Depuis un peu plus de 30 ans, nous connaissons l’antigène prostatique spécifique (PSA, à une sensibilité actuellement accrue), mais nous ne savons toujours pas si et quand nous devons proposer ce test de dépistage. Le test a aussi la réputation d’induire un surtraitement, et la plupart des lignes directrices spécialisées, qui paraissent quelque peu démunies, délèguent la décision aux médecins de famille, qui doivent discuter du test (et puis l’interpréter) avec le patient. Une étude de type «cluster randomized clinical trial» (voir explication à la fin, [encadré]) a évalué si un seul test du PSA, prescrit et/ou réalisé dans les cabinets de médecine de famille en Angleterre chez les hommes âgés de 50 à 69 ans, avait un effet sur la mortalité toutes causes confondues après 10 ans. Chez env. 190 000 hommes ayant fait l’objet d’un test de dépistage unique du PSA, la mortalité était tout aussi élevée par rapport aux près de 220 000 hommes non testés. Au cours de la période de suivi, un cancer de la prostate a été détecté chez 4,3% des hommes du groupe ayant passé un dépistage, contre seulement 3,6% de ceux du groupe contrôle (p <0,001). Toutefois, la plupart des diagnostics supplémentaires dans le groupe de dépistage concernaient des cancers de la prostate à faible risque (Gleason <6), pour lesquels la pertinence thérapeutique est douteuse, mais qui suscitent tout autant de préoccupations subjectives. Cette étude est compatible avec d’autres études qui ont été conduites aux Etats-Unis et en Europe chez près de 240 000 hommes au total et qui, il y a près de 10 ans déjà, n’étaient pas parvenues à résoudre la controverse autour du bénéfice du dépistage du PSA (unique) [2, 3] ou, pour être un peu plus direct, n’avaient pas trouvé de bénéfice convaincant.

Qu’est-ce qu’une «cluster randomized clinical trial»?

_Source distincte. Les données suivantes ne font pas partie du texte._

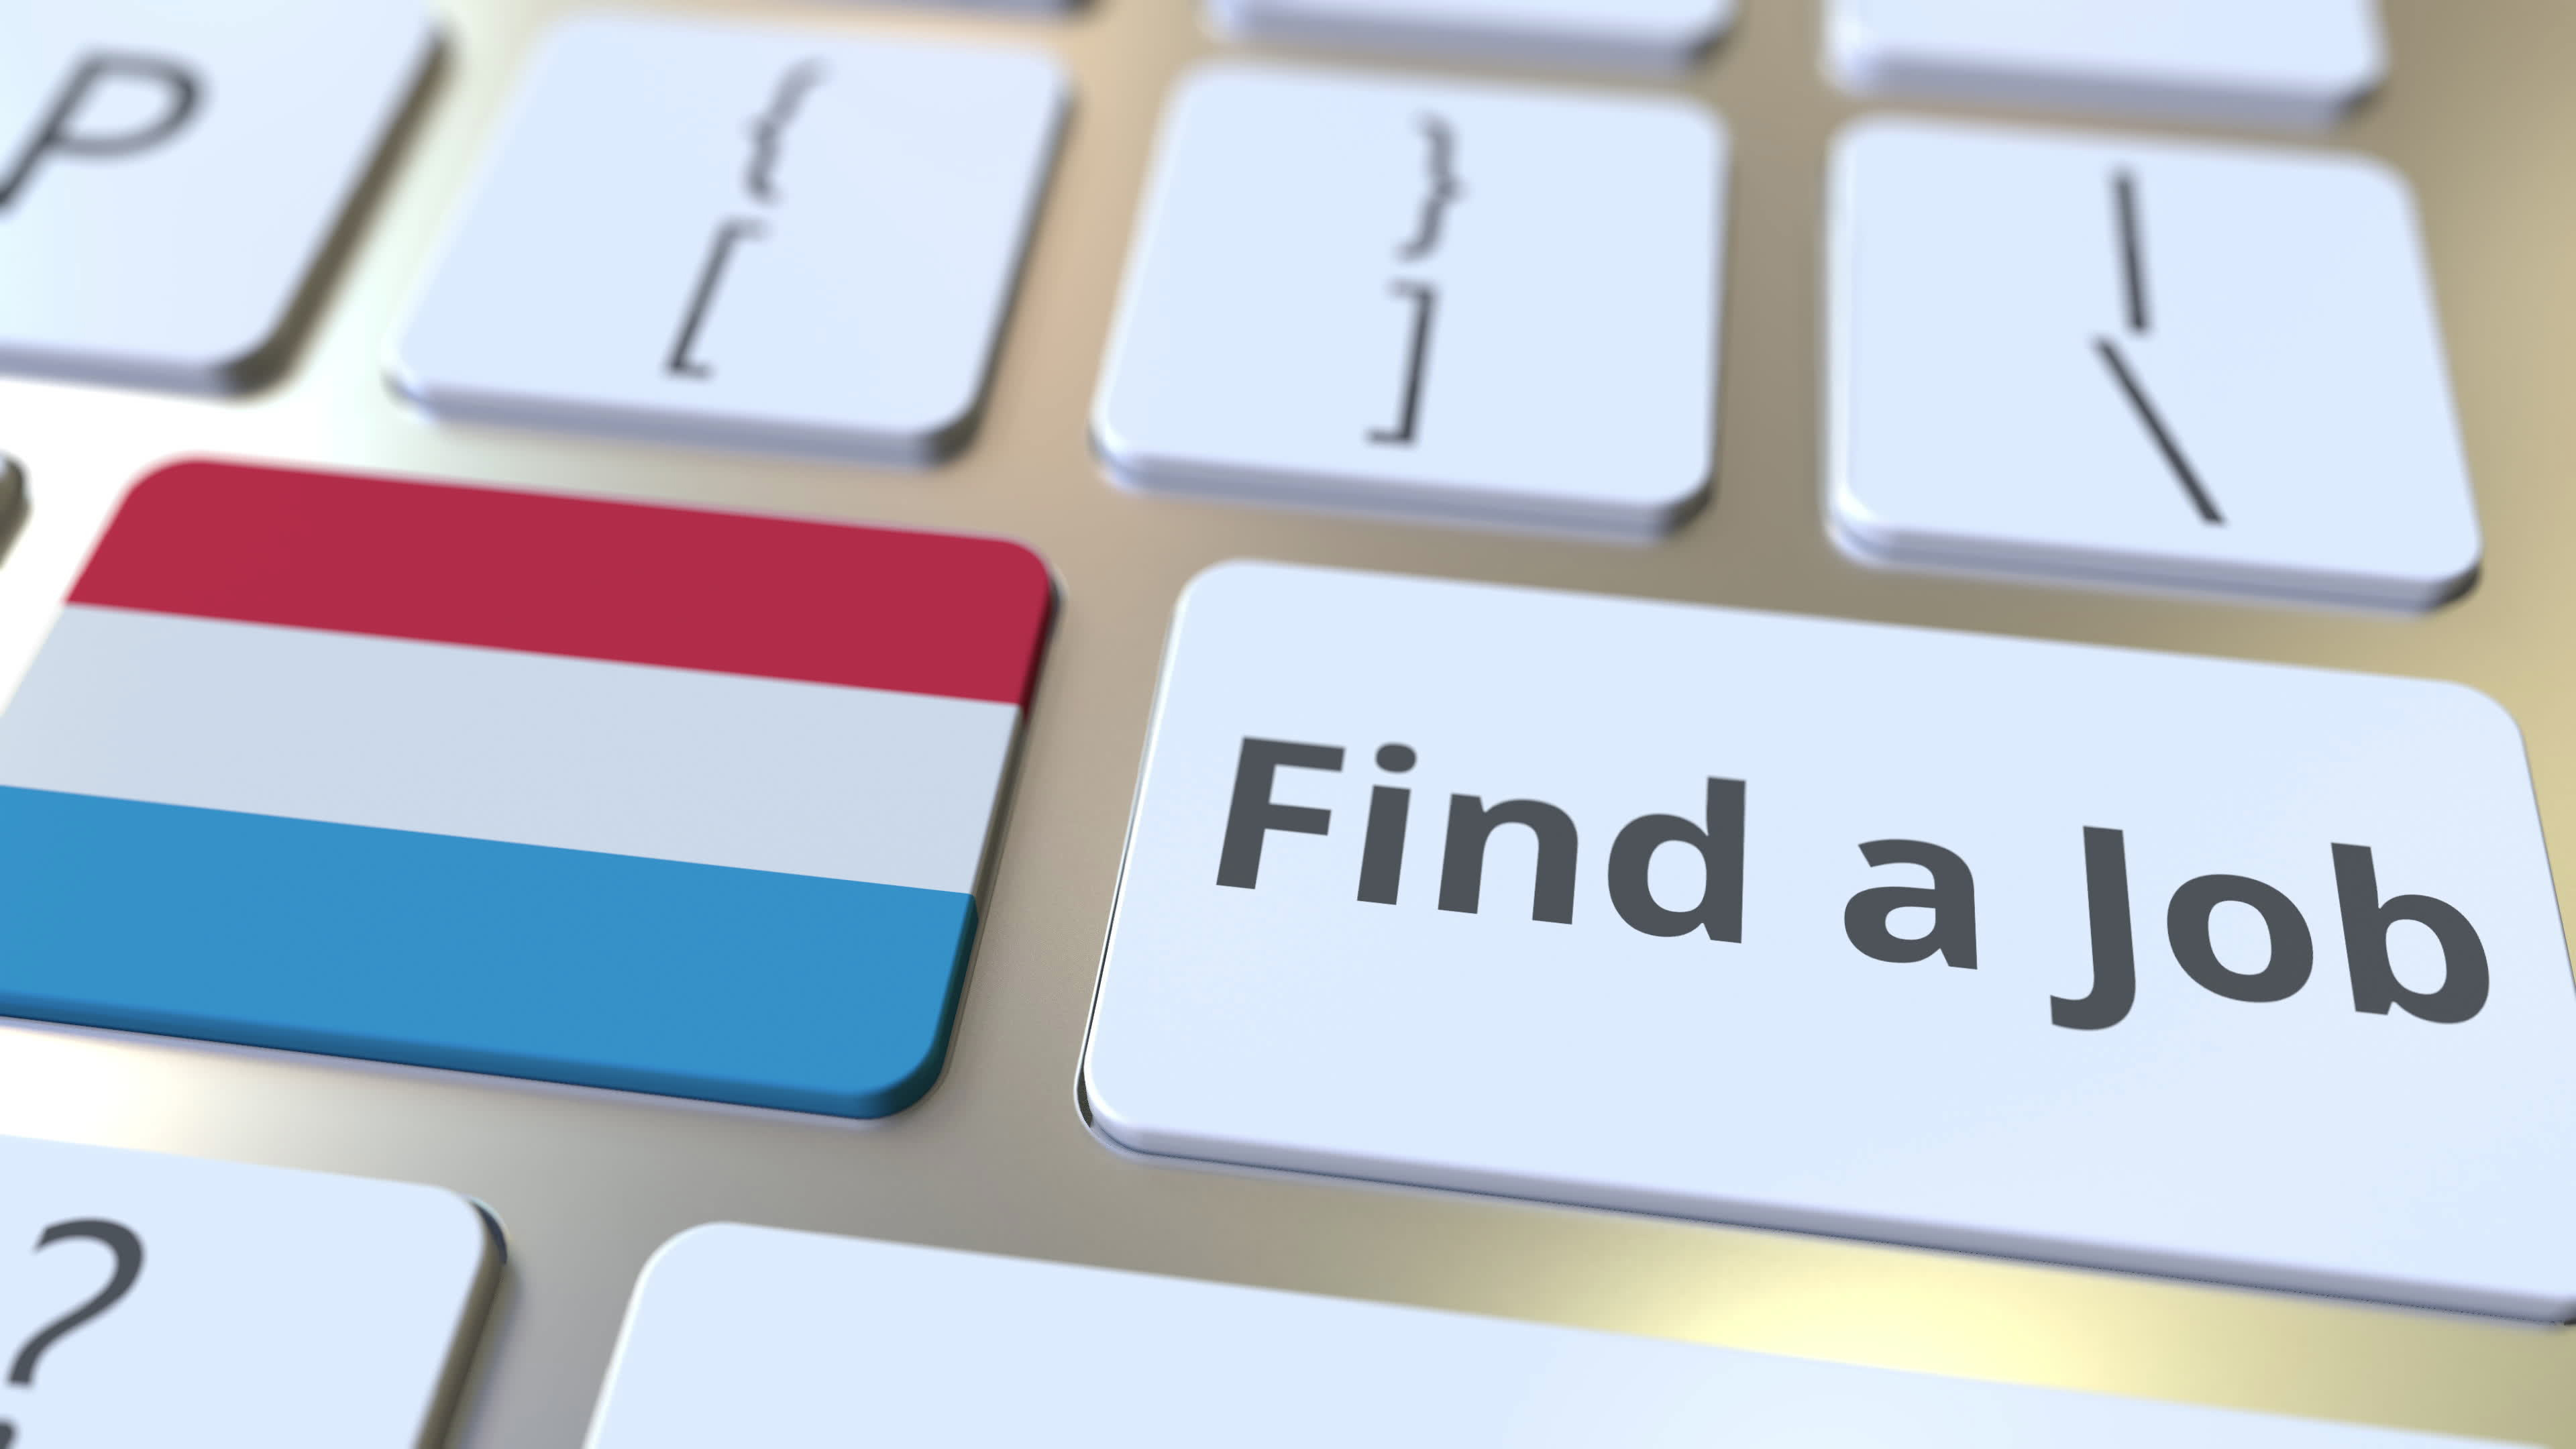 Концепция трудоустройства в Люксембурге для граждан РФ

Une étude clinique randomisée «normale» est typiquement réalisée dans des centres disposant de ­médecins spécialisés dans la maladie étudiée, en employant des critères d’inclusion stricts aboutissant à une homogénéité de la population de patients. Ces études forment la base de la plupart des lignes ­directrices reposant sur la «evidence based medicine». Il est reproché à ces études de surestimer le bénéfice, de sous-estimer les effets indésirables et d’être d’une représentativité douteuse pour tous les autres patients («real world experience»).
Dans une «cluster randomized clinical trial», ce ne sont pas des individus mais des groupes («clusters»), par ex. de cabinets de médecine de famille, centres de santé, etc. qui sont randomisés. Avec ce design d’étude, on espère que l’intervention évaluée pourra être utilisée par une population de patients beaucoup plus hétérogène (précisément de vie réelle). Les inconvénients sont entre autres que les individus au sein d’un «cluster» s’influencent, car ils se connaissent entre eux et connaissent également les ­médecins. Des calculs de correction sont également nécessaires dans la mesure où il a été constaté que les individus au sein d’un «cluster» X (par ex. cabinet de médecine de famille dans le Val d’Anniviers) présentaient, à de nombreux égards, plus de simili-tudes entre eux que par rapport aux individus d’un autre «cluster» Y (par ex. cabinet de médecine de famille de la Langstrasse à Zurich).
1 ​JAMA 2018, doi:10.1001/jama.2018.0154.